Wednesday, September 12, 2012


I'm reading a book right now that is well researched and has an engaging main character and a great voice. It's historical, but has a very immediate feeling to it (which is what makes people like or dislike historical novels, I suspect--ie how immediate it feels). There is one aspect, though, that keeps pulling me out of the story. And that's social anachronism.

Okay, yes, you can make your character any way you want to--as long as they're believable as a person. So if one of your characters is a really well educated peasant in the 15th century, or is a person who doesn't believe in marriage in Austen's time, or any number of other non-social-norm situations, well, you'd better have a pretty good reason for that character to be that way. I see a lot of authors who do try to back up their reasoning here. But where things seem to break down is when they want to insert that quirky character into the greater historical world, and everyone's suddenly okay with the modern attitudes and actions they bring along. I am not saying that people did not do some of these things way back when. What I am saying is that they were not considered okay/normal/unsurprising. So for your world at large to have no reaction, for your characters to have no consequences, for everything to breezily move along as if part of the modern world were dropped right into the past with no jarring whatsoever, is not believable.

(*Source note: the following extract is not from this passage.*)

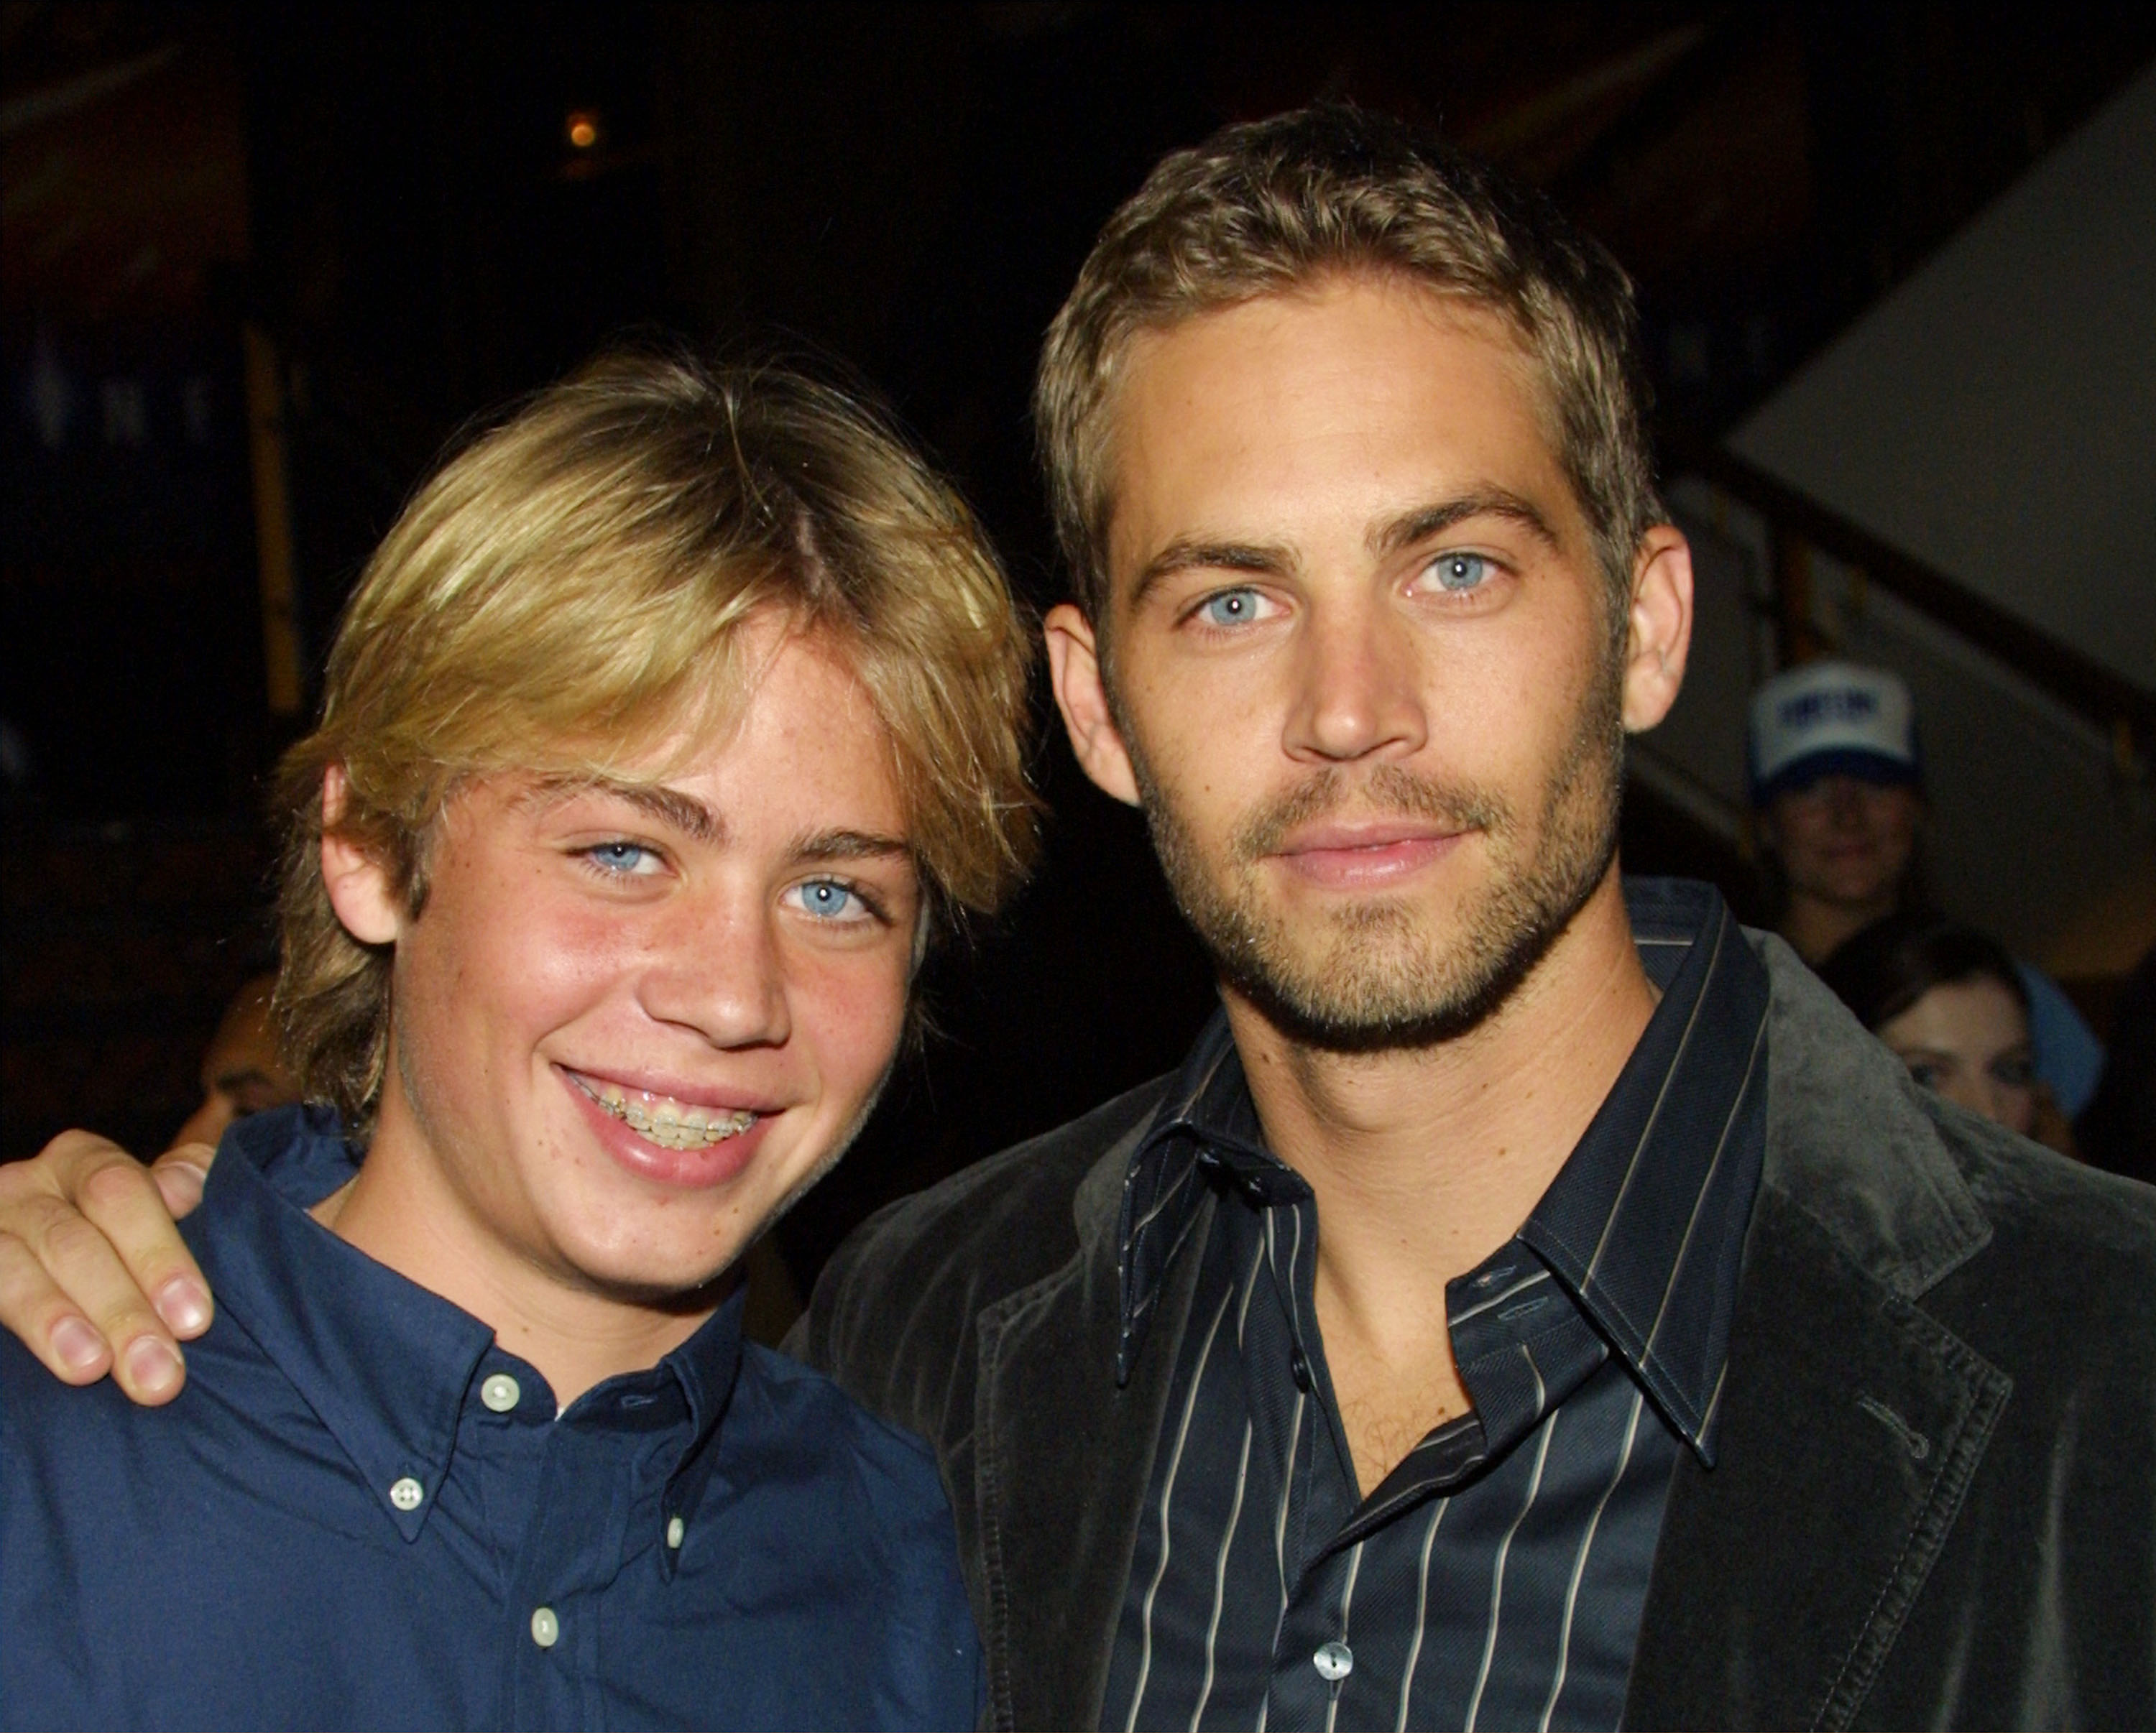 Cody Walker with his brother actor Paul Walker pose during the film premiere of "Timeline" at the Mann's National Theatre on November 19, 2003 in Westwood, California. | Source: Getty Images

What? You say I have to write about repressed people? Well, some people were repressed, but I'm guessing just as many people didn't feel that way at all. They had different goals than some of us do, and they felt fulfilled and powerful when they met those goals. And assuming that everyone was repressed for forced into all acting the same is a bit simplistic of a view, anyway. People were varied "back then." Not all people married the person they were in love with, or followed the rules they were supposed to. True. But there were consequences and reactions back then for things that don't raise any eyebrows today. You can write a strong character in a historical context, but to be accurate, you're going to have to understand more than just names and dates when when the zipper was invented. You're going to have to understand the kinds of choices a strong female character would have made in 1940 as opposed to 2012. You're going to have to understand things like faith in more than an atheistic, check-off-that-character-trait way if your MC is going to be a nun. You're going to have to figure out how to make a character feel strong by 21st century reader standards, while at the same time letting them be strong in their own historical context. Which may mean leaving behind some of your own 21st centuryness when you go into that world yourself.

(No, I don't think this is easy! But it's rather rewarding to read when it's done right, don't you think?)